# Just I need to know the way , Please need your help



## Shams (Apr 27, 2012)

Hi everybody ,

I live in Egypt and I want to become mason and I can't find anyone help me in Egypt
so can I find here the help 
please I want know the way 
please help


----------



## Txmason (Apr 27, 2012)

Egypt	Freemasonry was banned in Egypt in 1964. An internet search will reveal a "Regular Grand Lodge of Egypt" but this is a bogus group, part of the irregular and unrecognized "Regular Grand Lodge of England" which you can read about in detail here.
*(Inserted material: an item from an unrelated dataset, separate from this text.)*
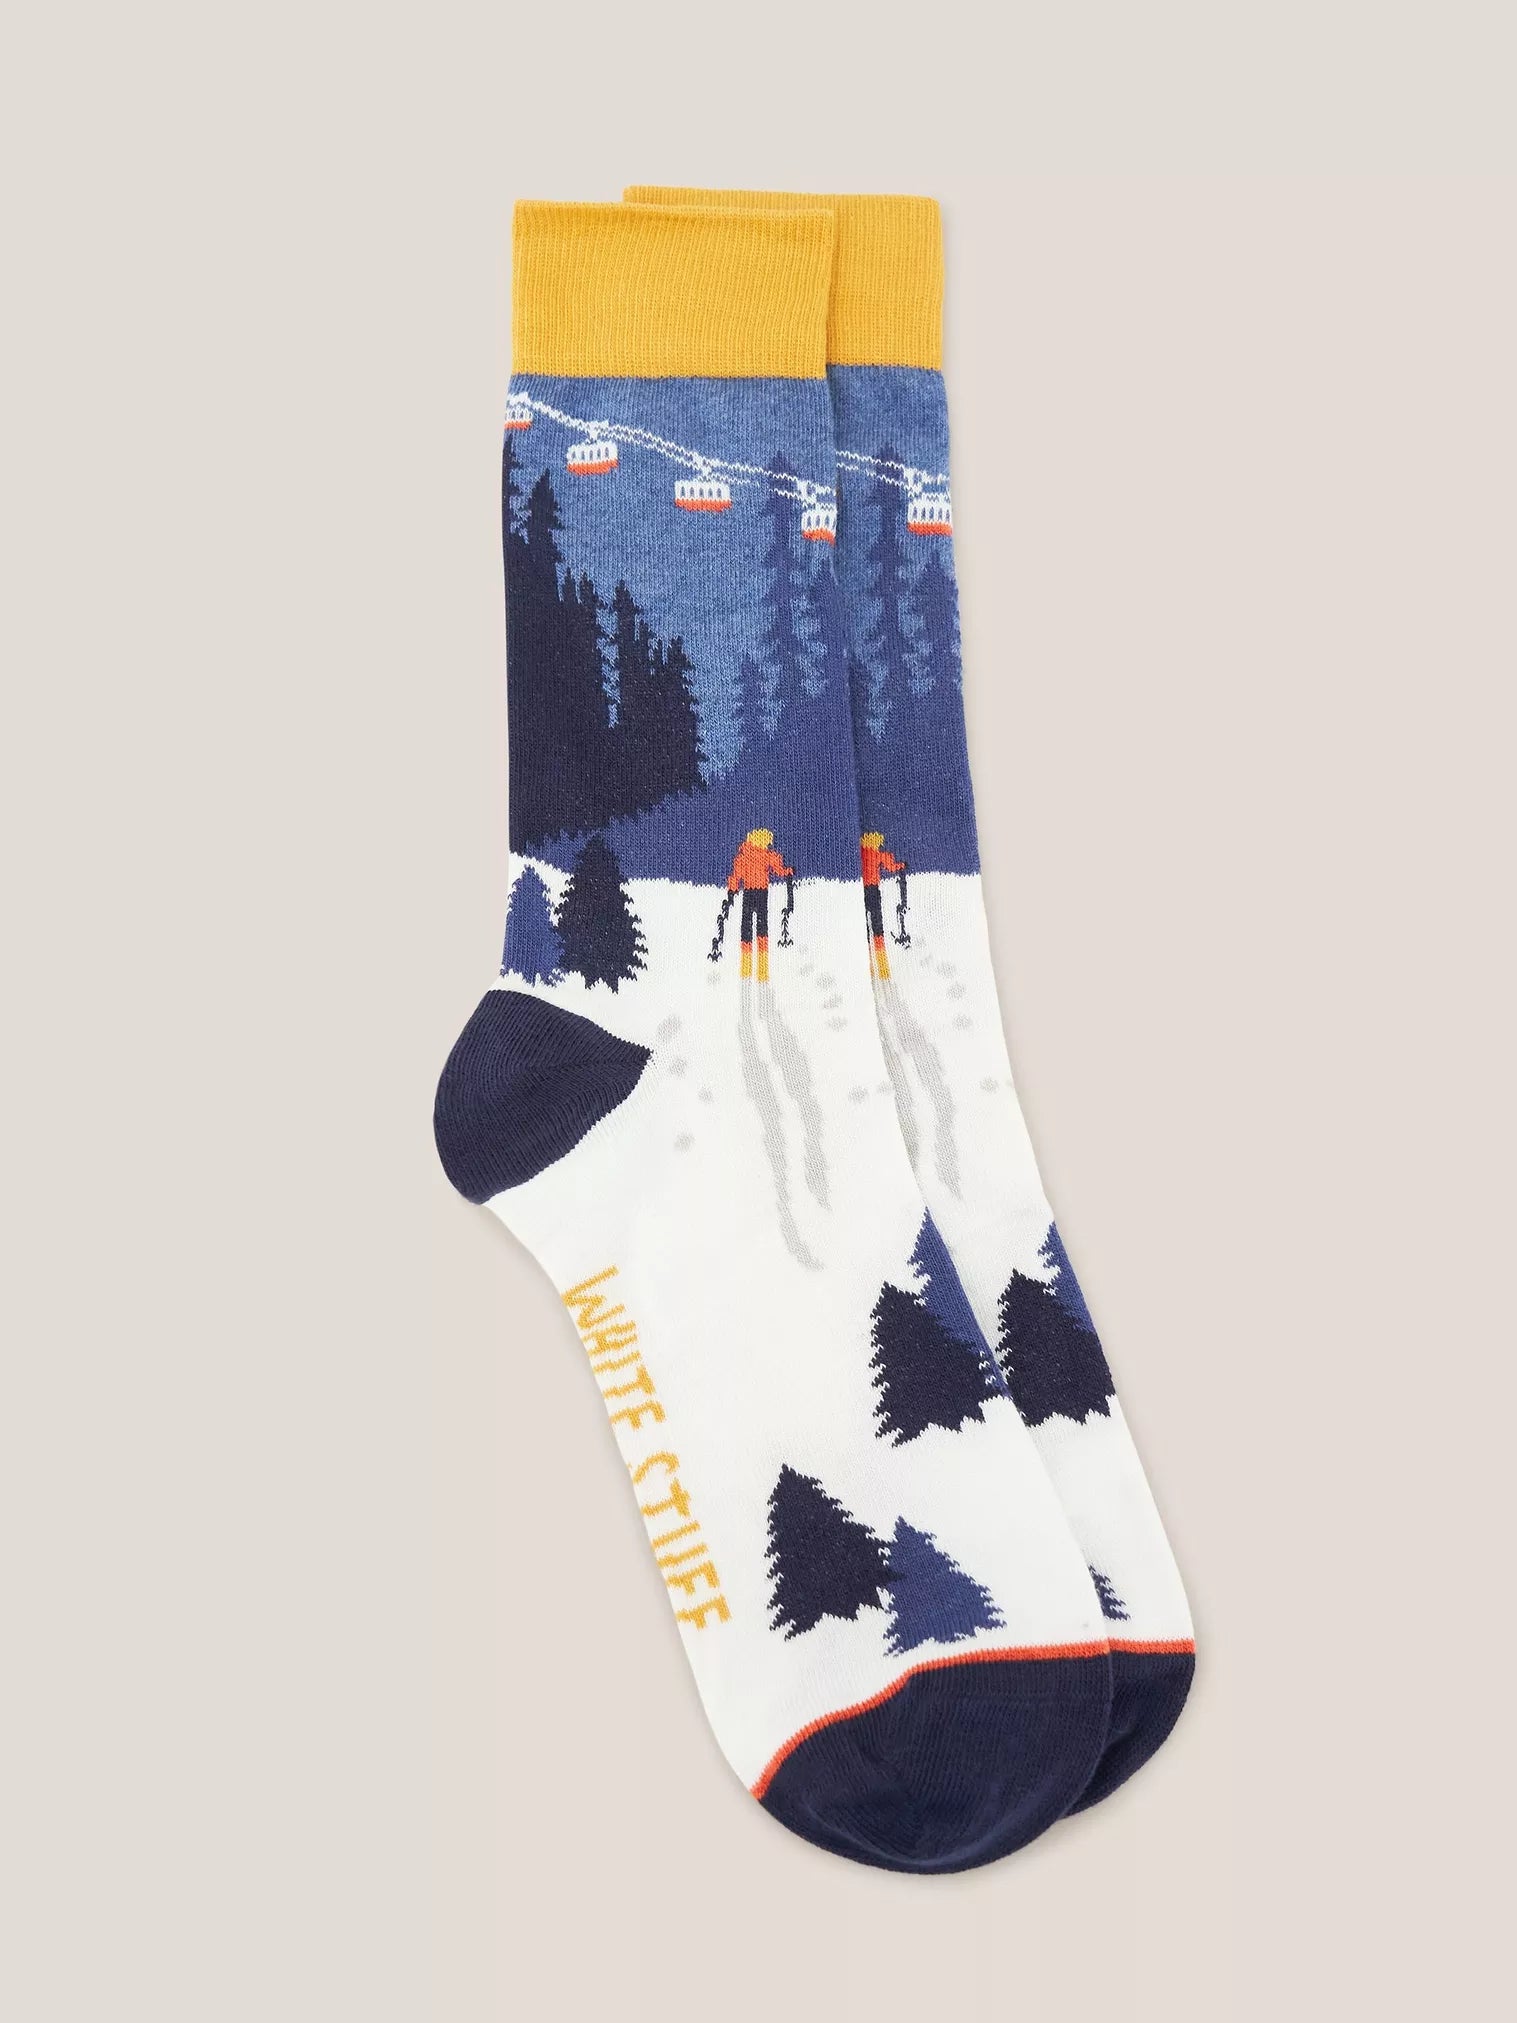 White Stuff Ski Scenic Socks in a Cracker Blue Multi

Should you become associated with this organization, you will never be welcomed in any of the tens of thousands of regular/recognized Masonic lodges throughout the world.
Further, a particularly immature internet gadfly - Brad Cofield - has created a series of internet web sites identified as "Egyptian Freemasonry". These have no connection whatsoever with Egypt, Freemasonry, or reality and are simply more of Brad's puerile attempts to garner attention. You can read more about him here.

Via: http://www.masonicinfo.com/grandlodges.htm

Looks like there is not a true Masonic Grand Lodge in Egypt.


----------



## polmjonz (Apr 28, 2012)

Ha yea the "regular" such and such I almost went down that road but thanks to a friend and brother I was  caused to do some further research and am happy I delayed my travels.

To the OP sorry for the thread jack and it appears that the middle east region is a very difficult area to become a Freemason.  Good luck Sir.


----------



## Shams (Apr 28, 2012)

thanks brothers 
just I search for anyone who know anything about Freemason in Egypt to contact with him 
and I will still search and god with me 
thanks and if any one can help me I wait


----------